Recently, however, we’ve seen progress toward realizing true AI agents, particularly those operating within browser and desktop environments. Projects such as OpenAI’s ChatGPT Agent, Anthropic’s Claude, Google’s Project Mariner, and startups like Manus and Context offer a glimpse into what human-level AI agents, trained specifically for computer tasks, might achieve.
Unlike single-purpose AI tools, these agents, which can access a wider range of tools either explicitly through MCPs or implicitly with a computer-using model, can tackle complete, end-to-end digital workflows. For example, they can locate a document in a database, extract key details from it, update Salesforce, notify colleagues on Slack, and generate a compliance report, all without human involvement. They handle the behind-the-scenes “glue work” that usually ties up human workers. In addition to using APIs like computers, these agents can also operate software like humans do when programmatic access isn’t possible — clicking through user interfaces, logging in, sending files, working with legacy software — so they can slot into existing workflows without needing major IT overhauls or custom integration. And because such agents “plug in” at the worker level, they can be retrained or scaled as needed, just like human teams.
Together, these advances point to a broadly useful application: AI agents capable of handling a wide range of digital work without human input.

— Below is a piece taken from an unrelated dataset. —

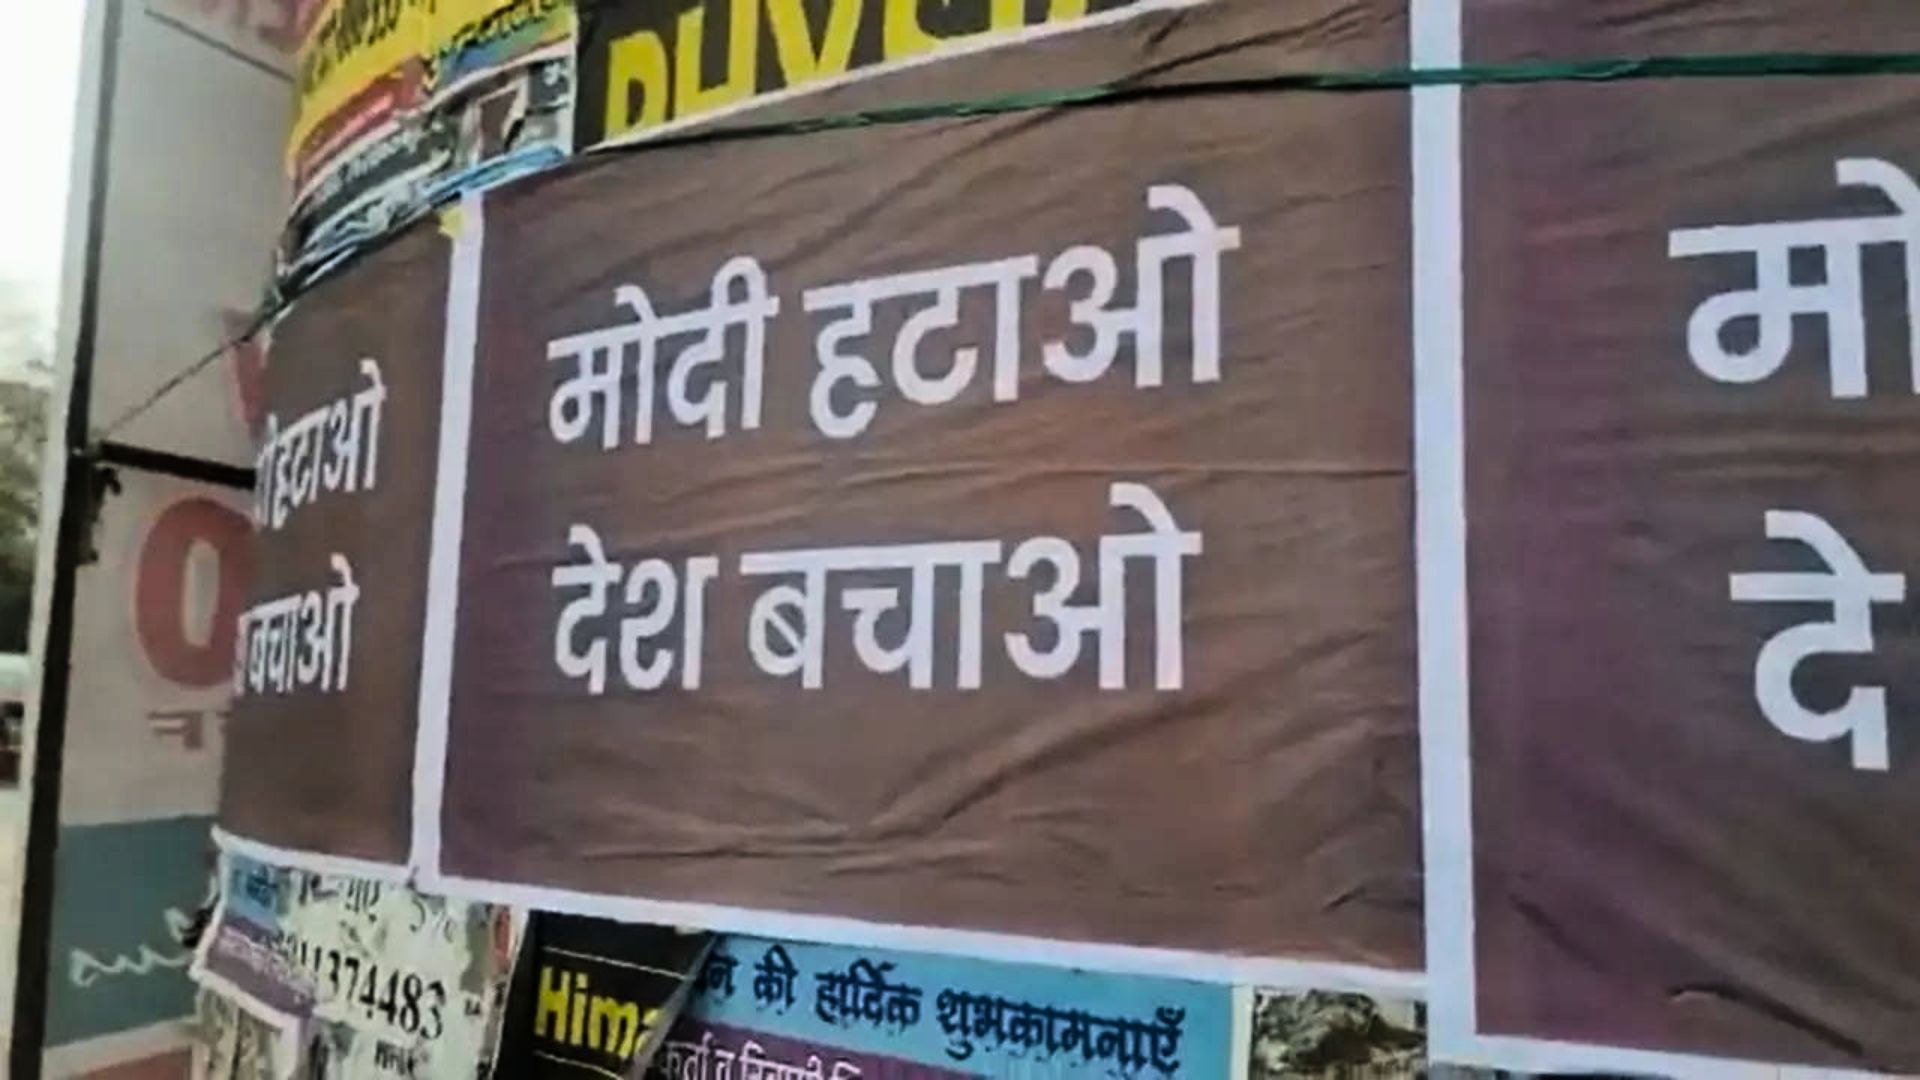 Delhi police file FIR over ‘objectionable’ posters against PM

Computer use is the key enabler of true agents. Their effectiveness depends on two things: the number of tools they have access to, and the ability to reason across them. Computer use dramatically expands both – giving agents the breadth to work with any software and the intelligence to chain actions into full workflows.
The potential of computer-using AI agents emerges through the multiplicative interplay between tool accessibility and reasoning capability. As agents gain broader toolsets and simultaneously become better at using them, the range and complexity of workflows they can handle grows exponentially. When we factor in the potential of emergent capabilities (i.e., these agents may solve context retrieval by autonomously exploring, retrieving, and synthesizing context over bespoke sequences of actions), the possibilities grow more promising still.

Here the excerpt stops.